■ **WHAT YOU ARE ASKED TO DO**: In the listing that follows, the range to quote begins at the line that has "все цены на" and ends after the line that has "Car Brake Test"; quote it verbatim and add nothing.

■ **EXTRACTED MATERIAL**:
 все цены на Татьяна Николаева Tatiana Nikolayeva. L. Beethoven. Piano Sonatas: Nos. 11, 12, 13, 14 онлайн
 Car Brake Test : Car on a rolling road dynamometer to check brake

--

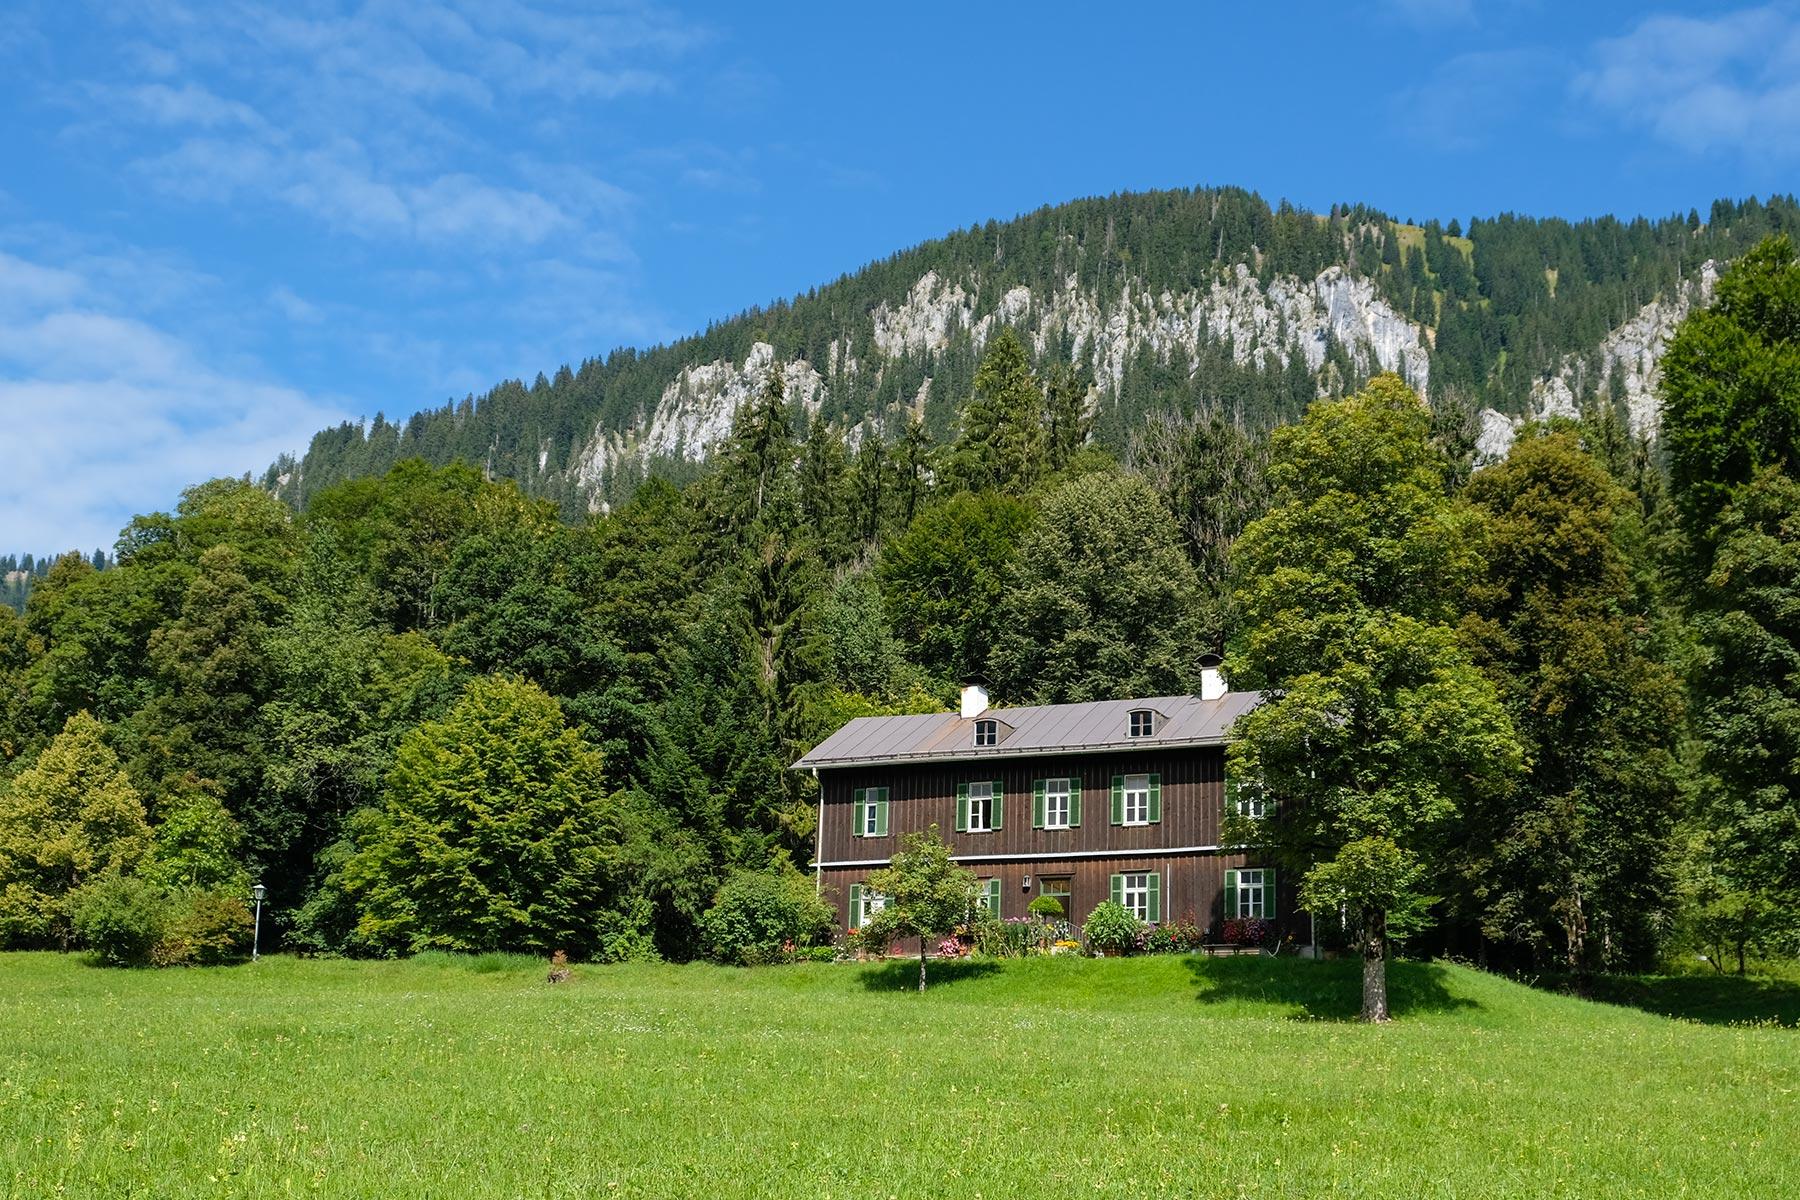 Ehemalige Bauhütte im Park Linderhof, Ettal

■ **EXERCISE ANSWER**:
 все цены на Татьяна Николаева Tatiana Nikolayeva. L. Beethoven. Piano Sonatas: Nos. 11, 12, 13, 14 онлайн
 Car Brake Test : Car on a rolling road dynamometer to check brake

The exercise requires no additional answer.